### [The data]
--------------------------------------------------
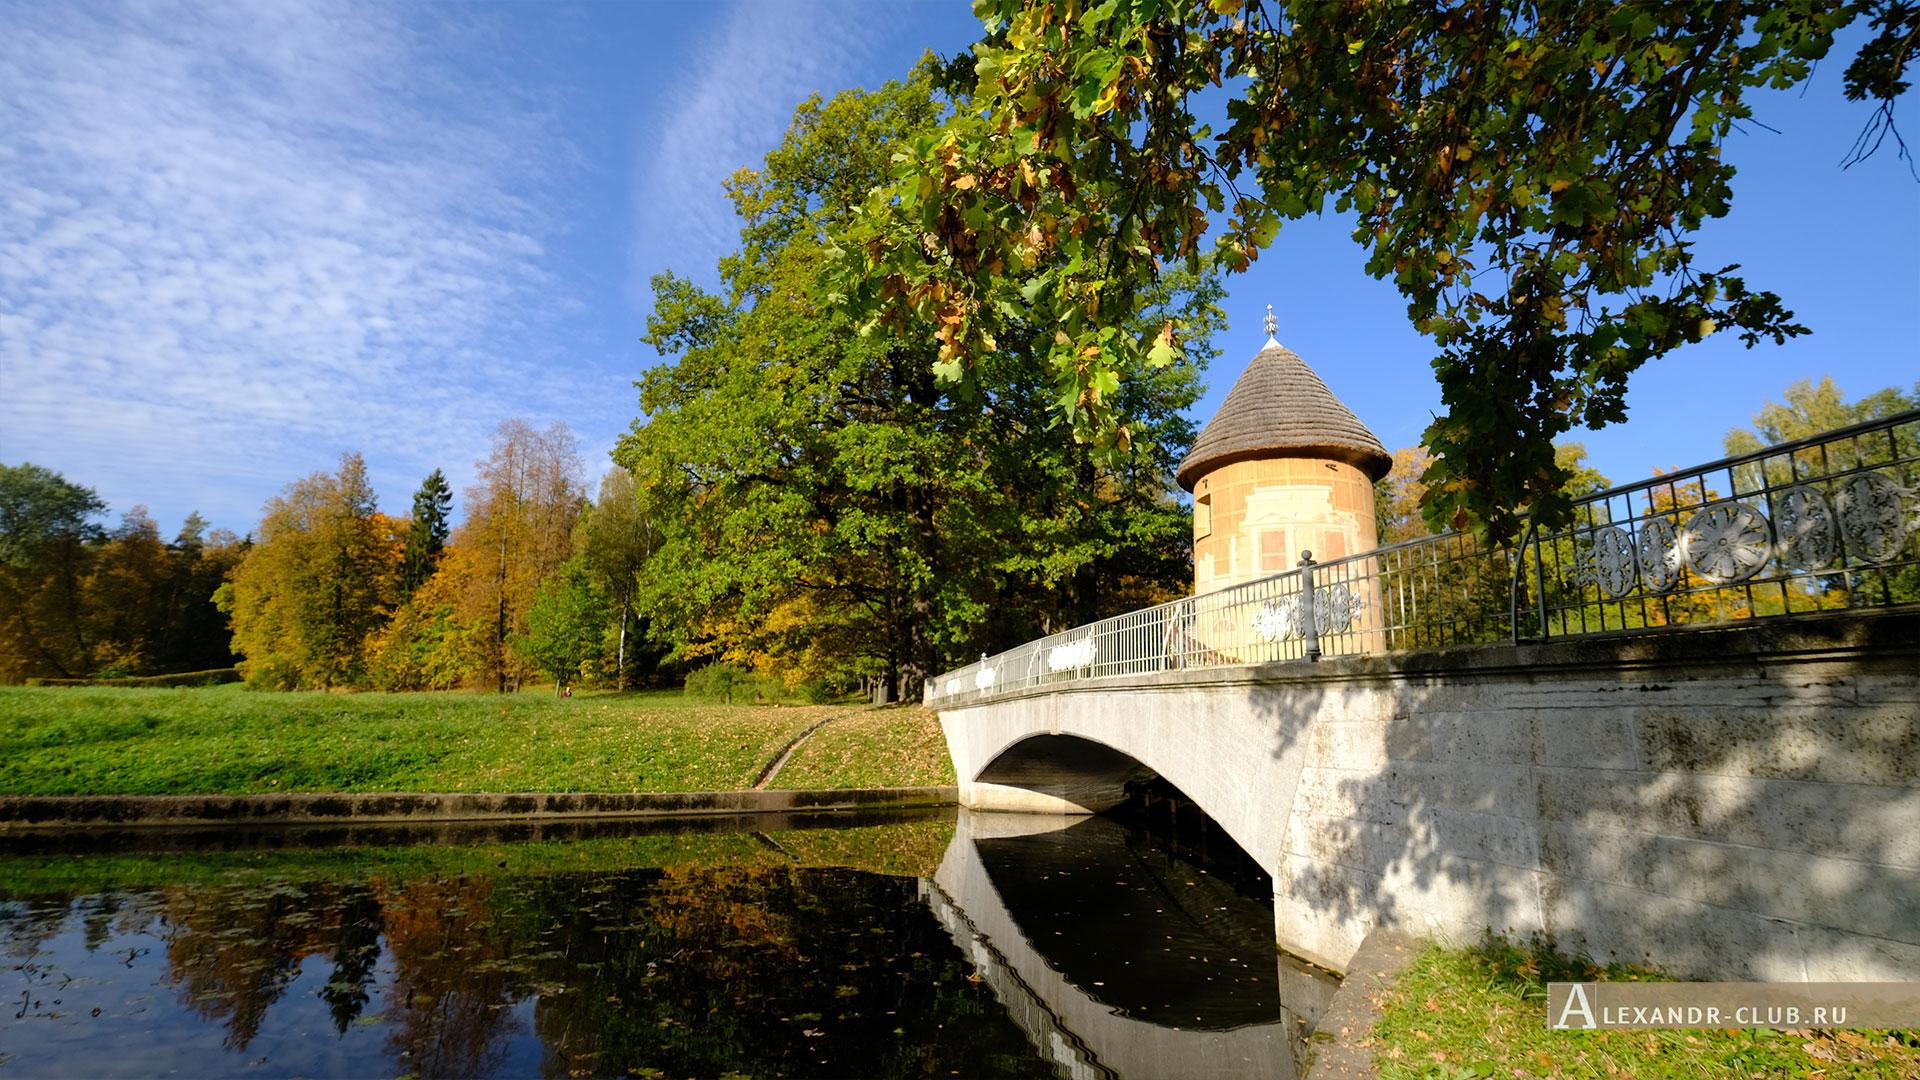 Павловск, осень, Павловский парк, Пиль-башня, Пильбашенный мост
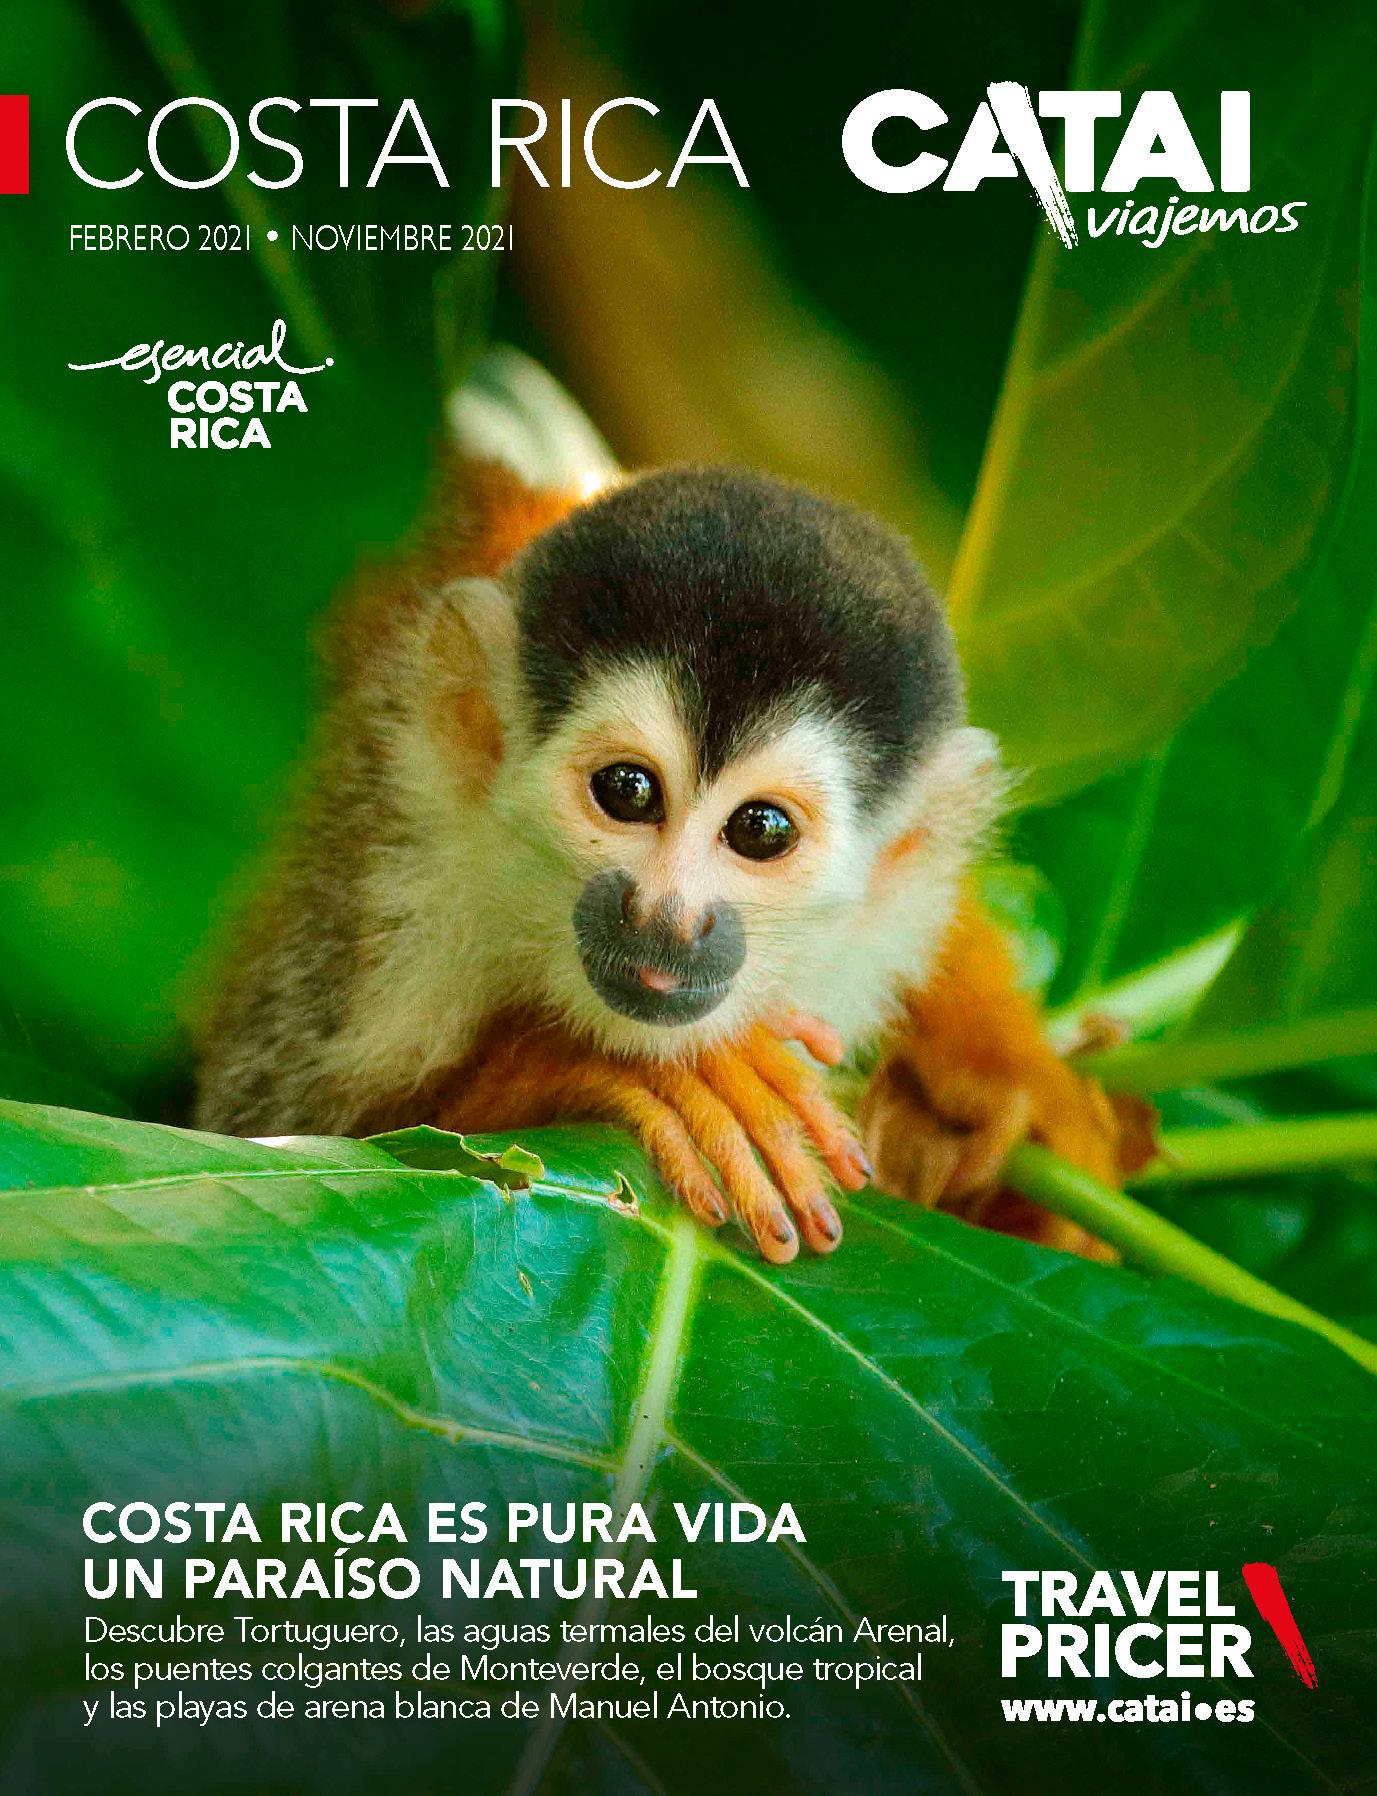 Catalogo Catai Costa Rica 2021
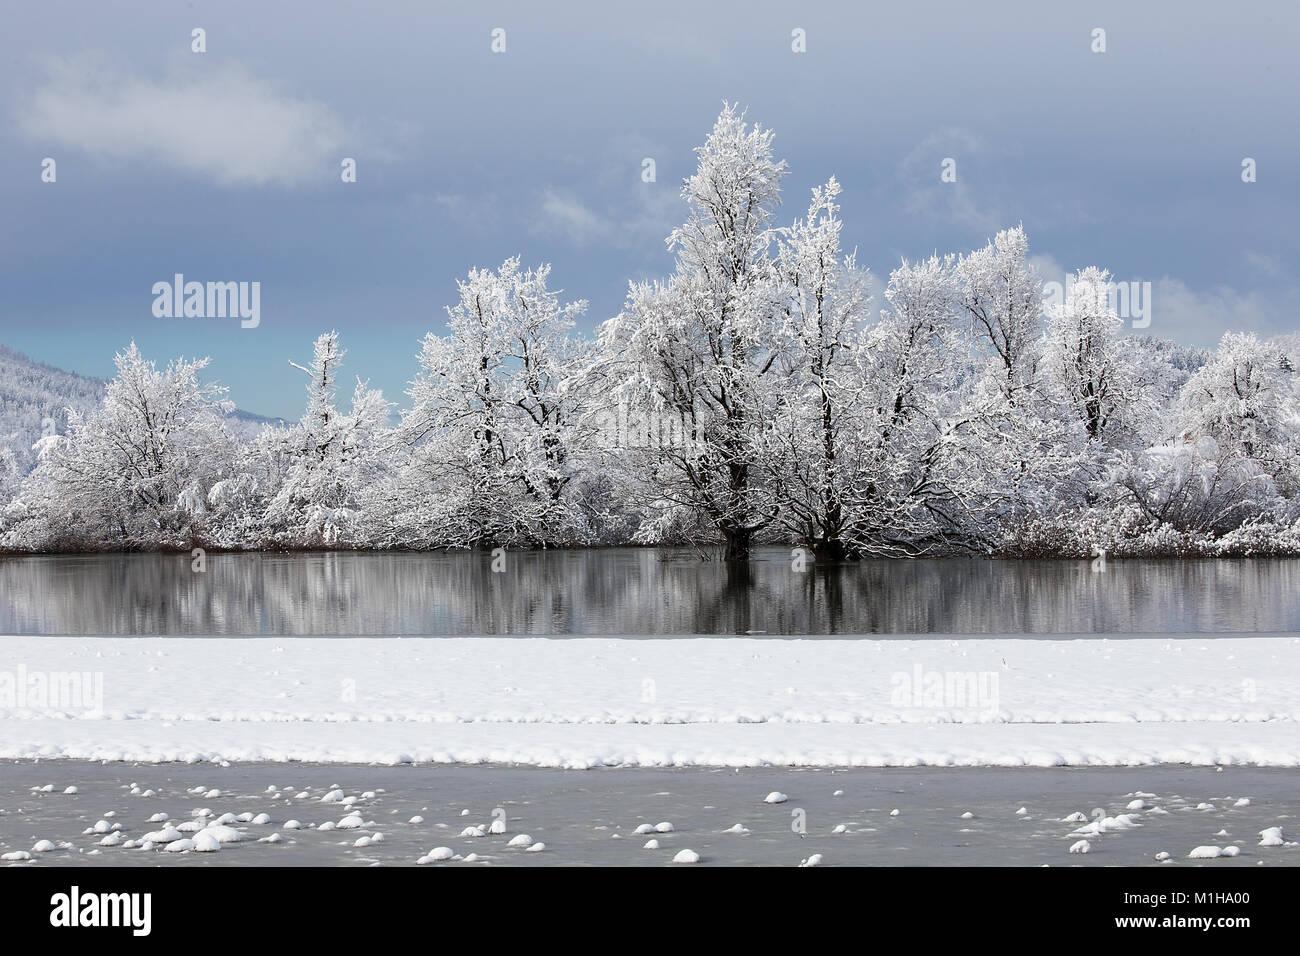 Sfondi Paesaggi Natalizi.Paesaggio Invernale Sfondo Per Carte Di Natale Desktop Con Acqua Di Riflessione Alberi Ghiaccio E Neve Planina Slovenia Foto Stock Alamy
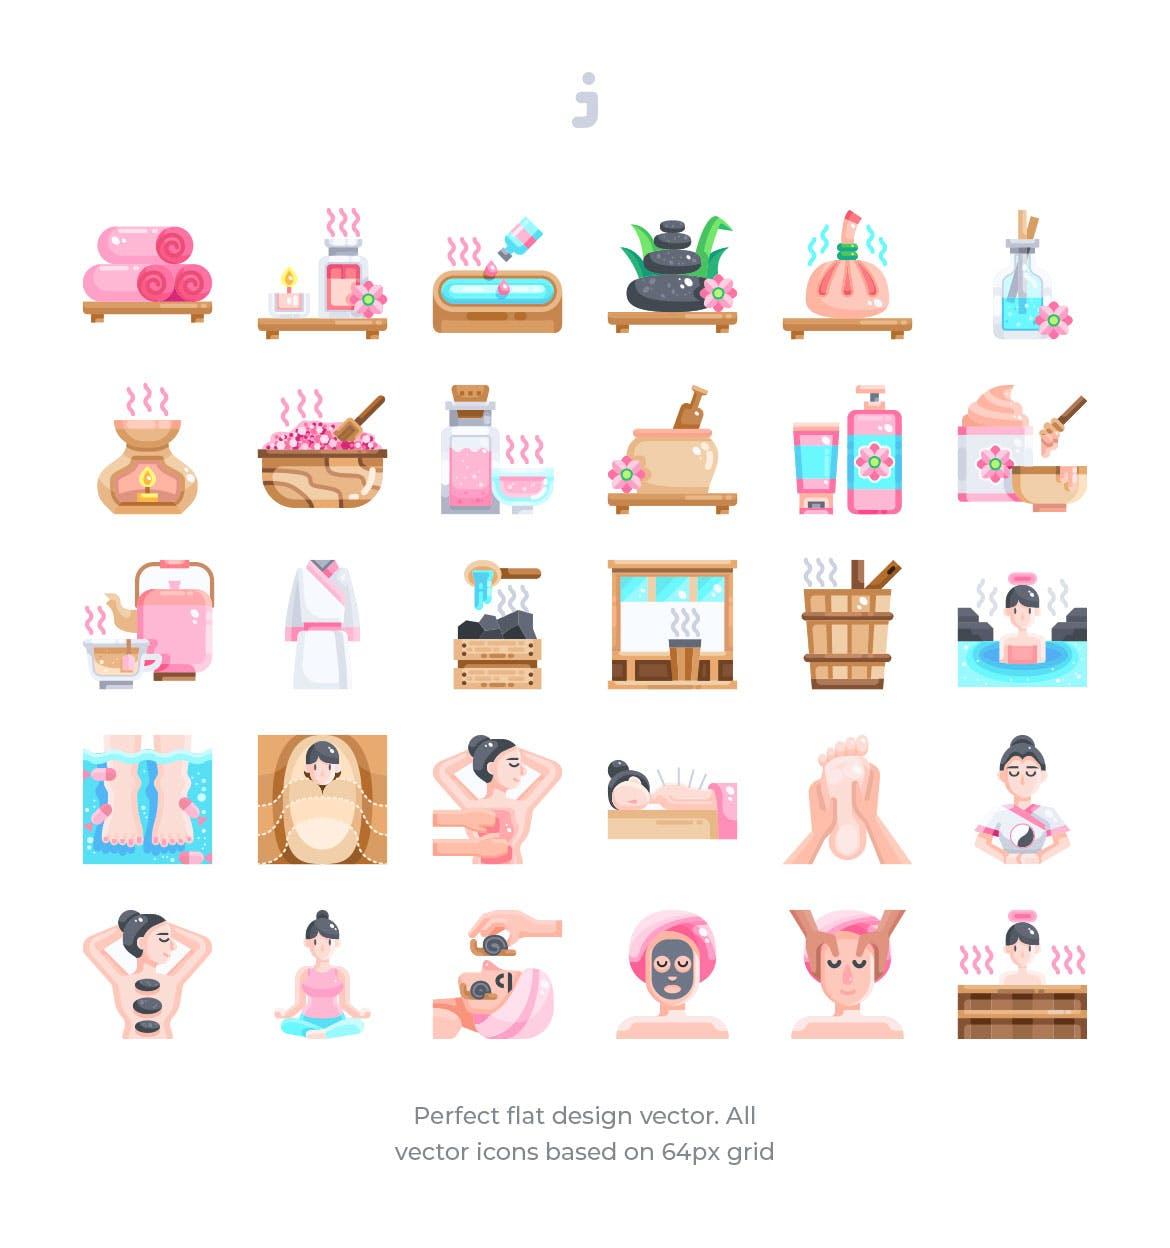 30个水疗和治疗图标源文件下载30 Spa and therapy Icons Flat插图(1)
--------------------------------------------------
### [Work task]
With pictures excluded, restate word for word the lines from the one that contains "Sfondi Paesaggi Natalizi.Paesaggio" through the end of the material, inclusive, and nothing more.

### [Response to the exercise]
 Sfondi Paesaggi Natalizi.Paesaggio Invernale Sfondo Per Carte Di Natale Desktop Con Acqua Di Riflessione Alberi Ghiaccio E Neve Planina Slovenia Foto Stock Alamy
 30个水疗和治疗图标源文件下载30 Spa and therapy Icons Flat插图(1)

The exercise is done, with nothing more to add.